La demande de dommages et intérêts pour procédure abusive et injustifiée formée par les intimés :
L’appel étant pour partie justifié dans la mesure où la décision initiale ayant servi de support à l’ordonnance attaquée est rétractée, il n’y a pas lieu de considérer la procédure comme étant abusive et injustifiée.
L’article 700 du code de procédure civile :
La décision sera infirmée.
En équité, il n’y a pas lieu de faire droit aux demandes formées à ce titre par les parties.
Les dépens :
Succombant pour grande partie dans ses prétentions, X A sera condamné aux dépens de première instance et d’appel avec recouvrement direct au profit de la SELARL C-F ès-qualités.
PAR CES MOTIFS :
Statuant publiquement et par arrêt contradictoire ;
Dit n’y avoir lieu à annuler l’ordonnance de référé rendue par le président du tribunal de commerce de Reims le 13 janvier 2021.
Infirme cette décision.
Statuant à nouveau ;
Rétracte l’ordonnance sur requête rendue par le président du tribunal de commerce de Reims le 23 septembre 2020.

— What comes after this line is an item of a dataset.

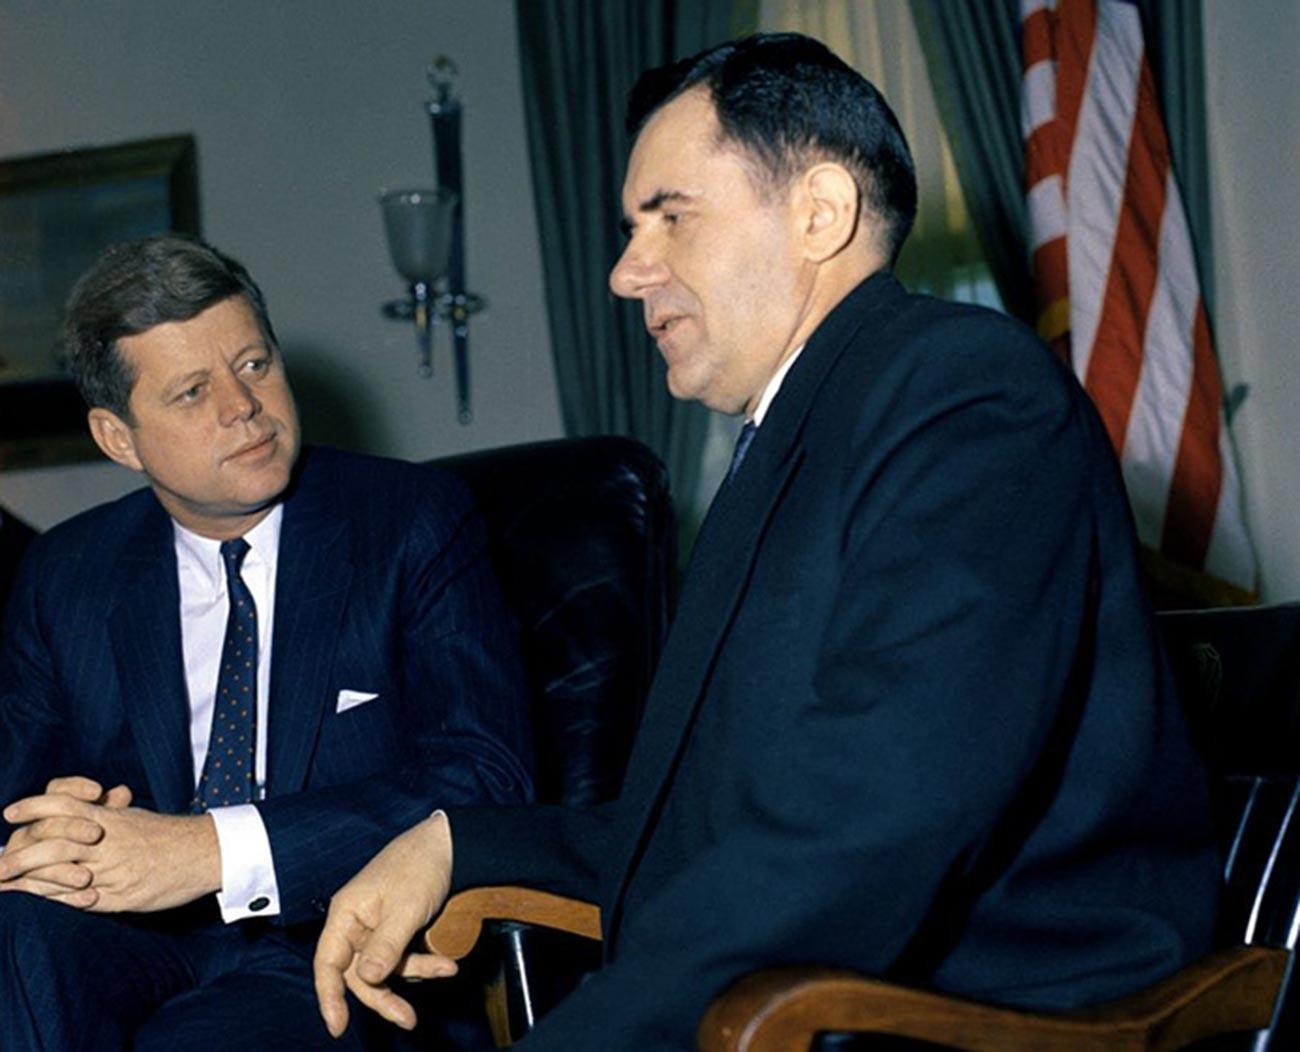 John Kennedy i Andrej Gromiko u Ovalnom uredu u Bijeloj kući u Washingtonu.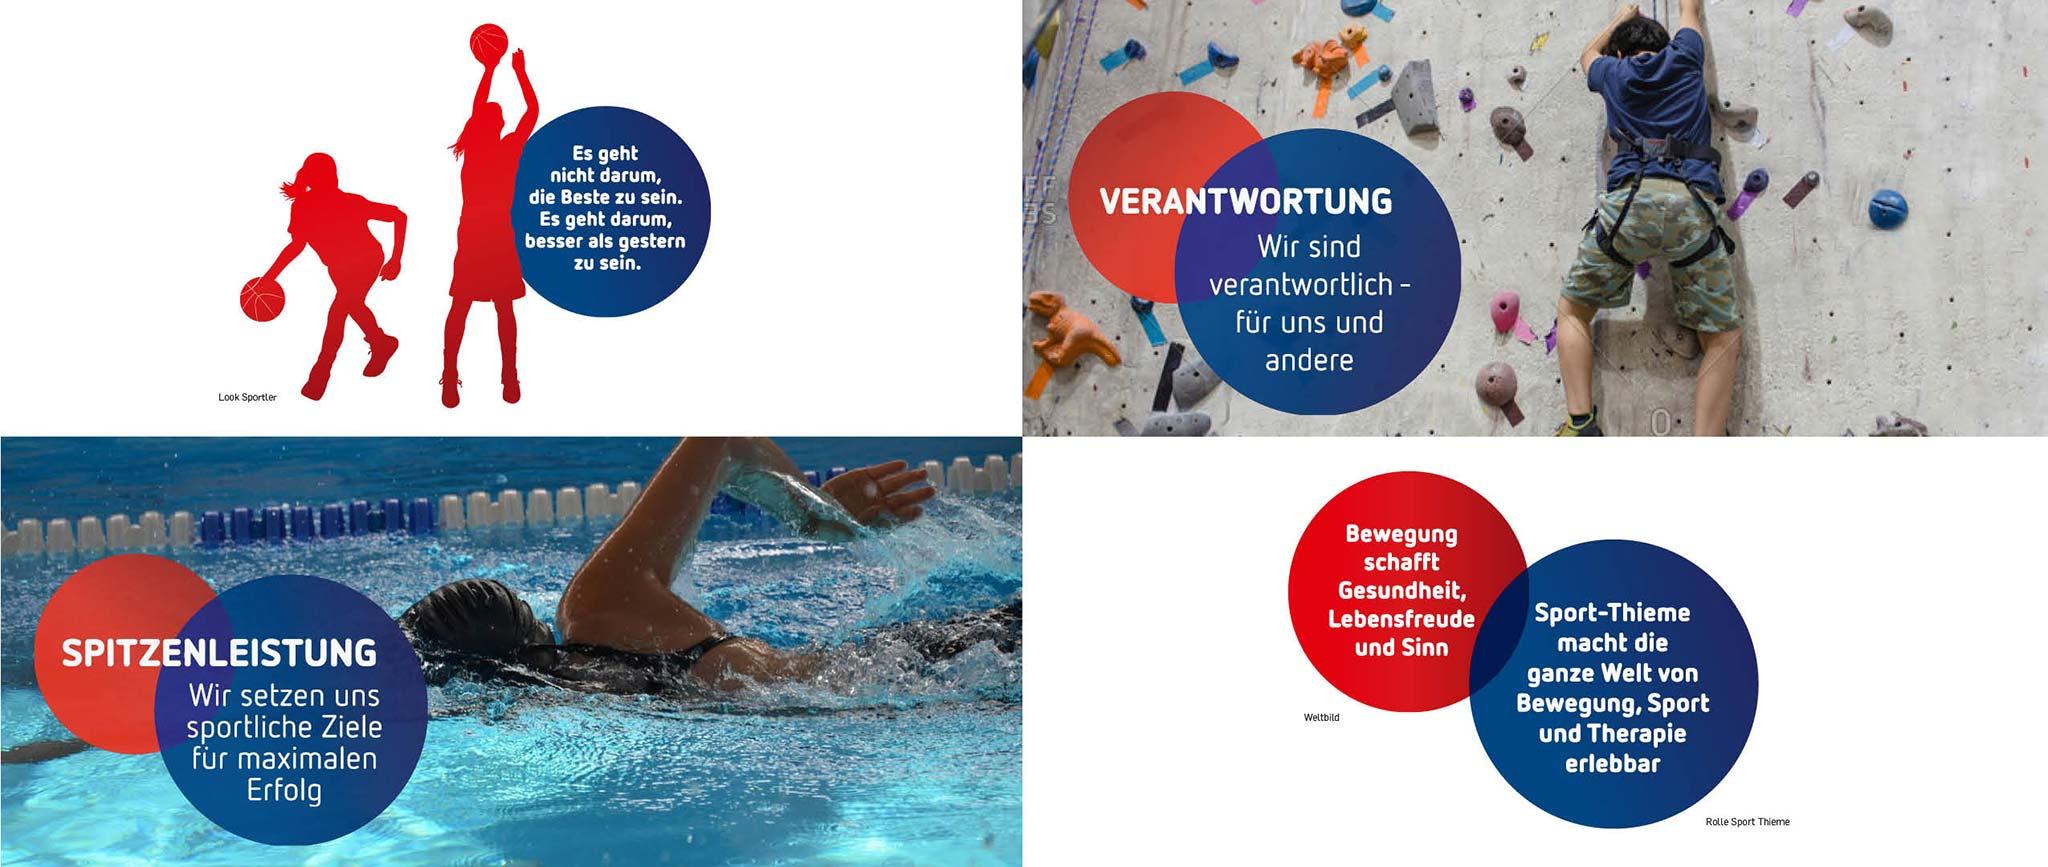 Sport-Thieme: Markenwerte und Visionen

Désigne la SELARL BCM, prise en la personne de Maître Bauland, en qualité de mandataire ad’hoc aux fins exclusives, par application du paragraphe XI Exécution du protocole d’accord, de voter en lieu et place de M. X A, à titre personnel ou ès-qualités de représentant légal des sociétés concernées par ledit protocole, aux assemblées générales nécessaires à la réalisation des opérations de partages décrites aux articles I à XII du protocole d’accord de partage du groupe TWF en date des 5 et 8 février 2018, conformément aux engagements souscrits par ce dernier aux termes dudit protocole.
Déclare opposable la présente décision à la SELARL C-F, prise en la personne de Maître C, précédemment désigné en qualité d’administrateur provisoire de la société TWF.
Déboute les parties de leurs autres demandes.
Condamne X A aux dépens de première instance et d’appel avec recouvrement direct au profit de la SELARL C-F ès-qualités.